Children and instructor work on building bridges with candy and toothpicks.

At a STEM Cubs event in June, students had the opportunity to build bridges out of candy and toothpicks.

How do you construct a road over a river? Why do some bridges have steel arches over the roadway while others don’t? How do bridges work, anyway?

Portrait of Sarah Orton

Sarah Orton

These are some of the questions Mizzou Engineering’s Sarah Orton will answer as she develops curriculum around bridge-building for K-12 schools across the state. Orton, an associate professor of civil and environmental engineering, is working on the lesson plans with the Missouri Department of Transportation (MoDOT) and Lunda Construction, the design-build contractors currently constructing the I-70 Rocheport Bridge over the Missouri River. As part of their successful proposal for the bridge work, Lunda agreed to implement innovative STEM training and outreach.

The first lesson was presented to elementary students as part of the STEM Cubs day camp at Mizzou on June 16. There, Orton’s students and representatives from MoDOT and Lunda led an activity in which children used toothpicks and gum drops to build miniature bridge structures over which they drove toy cars.

For elementary schools, Orton is creating educational videos about bridges and providing instructions for teachers to lead similar activities. For older students, more complex equations will be added, giving them the ability to come up with their own designs, experiencing the work of a professional engineer first-hand.

“We’re creating 12 lesson themes targeted to the different age groups,” Orton said. “I’m aiming to make it customizable so teachers can adapt it to different materials.”

For schools in Central Missouri, where the I-70 project is more visible, representatives from MoDOT and Lunda will be available to visit classrooms. Professional engineers will also provide insights into career opportunities. And schools can opt to arrange to take students to the bridge for on-site tours.

“We want to introduce kids to STEM and to get them thinking about possible career paths,” Orton said. “We hope they find it interesting and perhaps decide they want to continue their education in civil engineering.”

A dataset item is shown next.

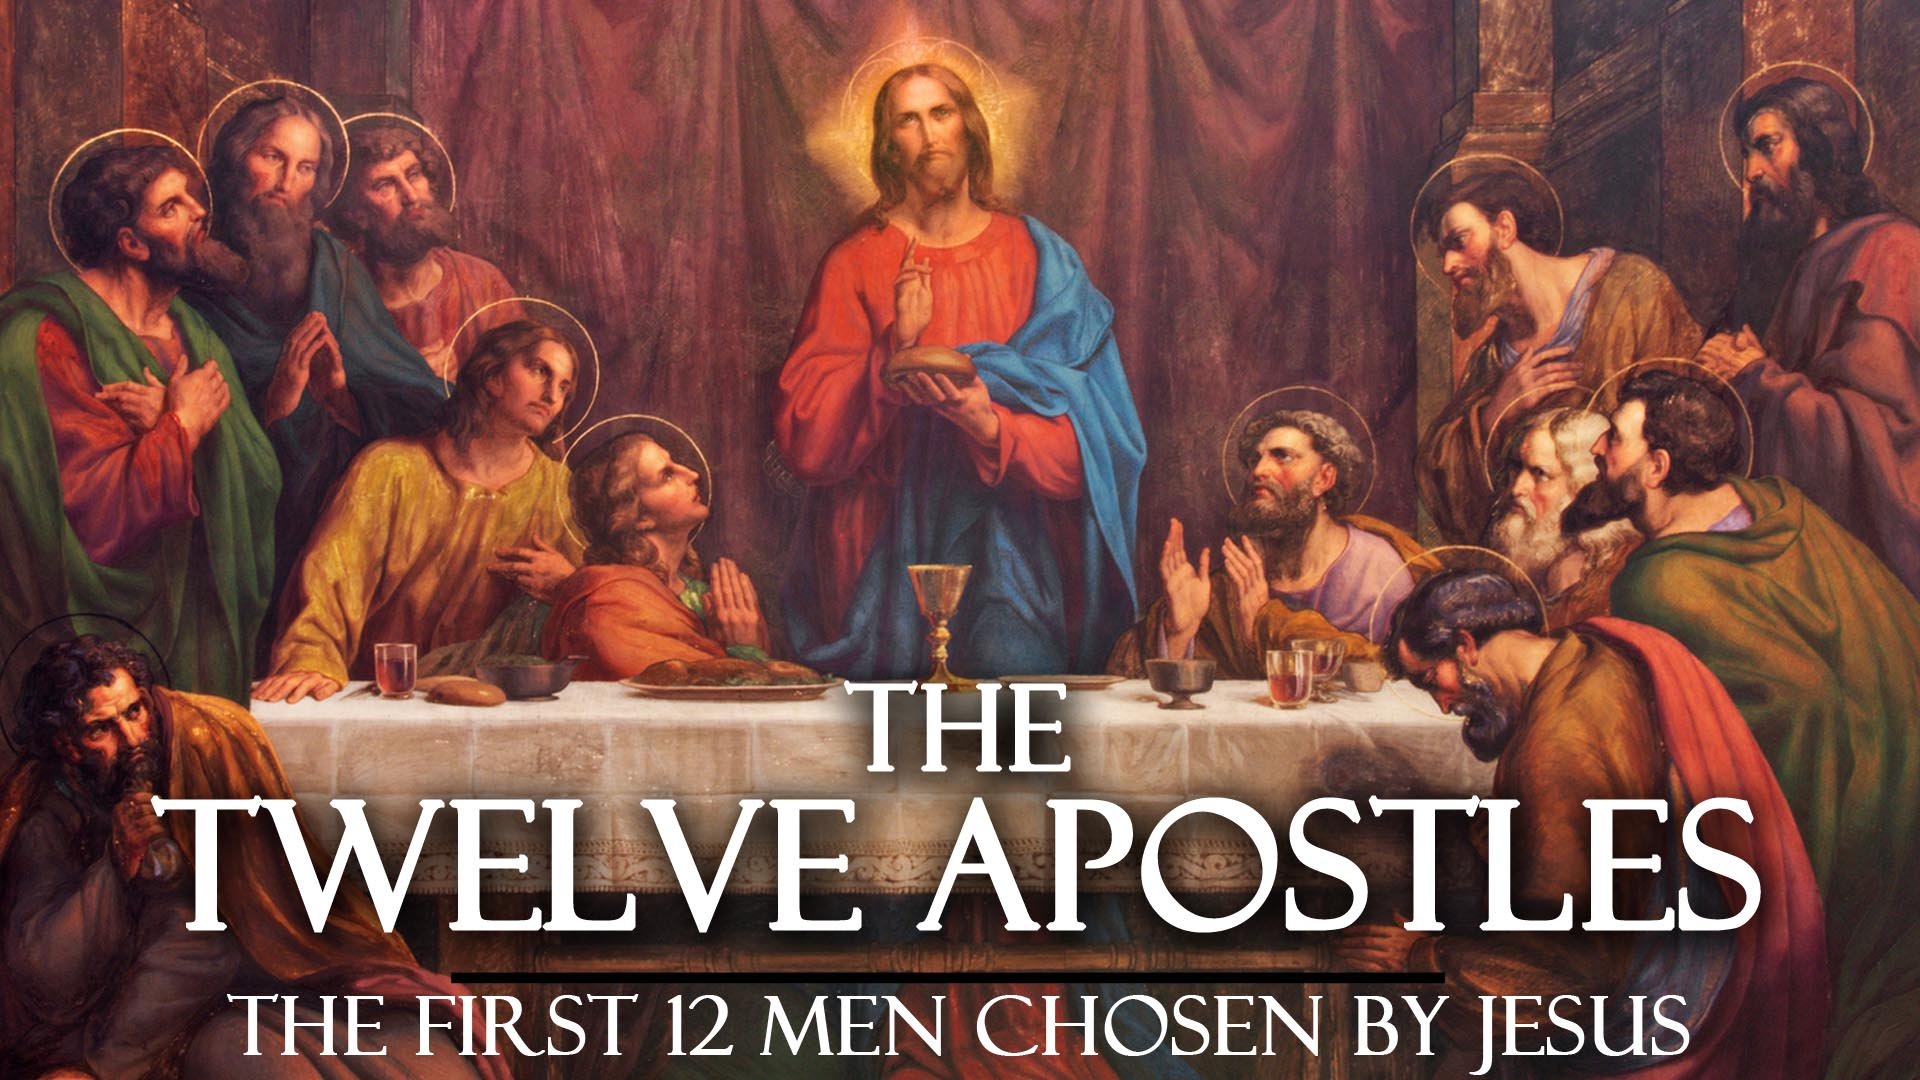 The Twelve Apostles: The First 12 Men Chosen By Jesus

In addition to bridge building, the curriculum will introduce students to concrete materials, geotechnical foundations, roadway design, hydraulics and other related areas.

Ultimately, Orton hopes it opens students’ eyes to new possibilities.

“When I talk to younger students, I always ask, ‘Can you be a bridge engineer? Yes. You just have to like solving problems,’” she said. “We want kids to know they can be an engineer and design bridges someday, too.”

The first lesson plans are expected to be available to Missouri schools starting this fall with additional activities to be added in the spring. Eventually, Orton hopes to have all activities available online for teachers across the country.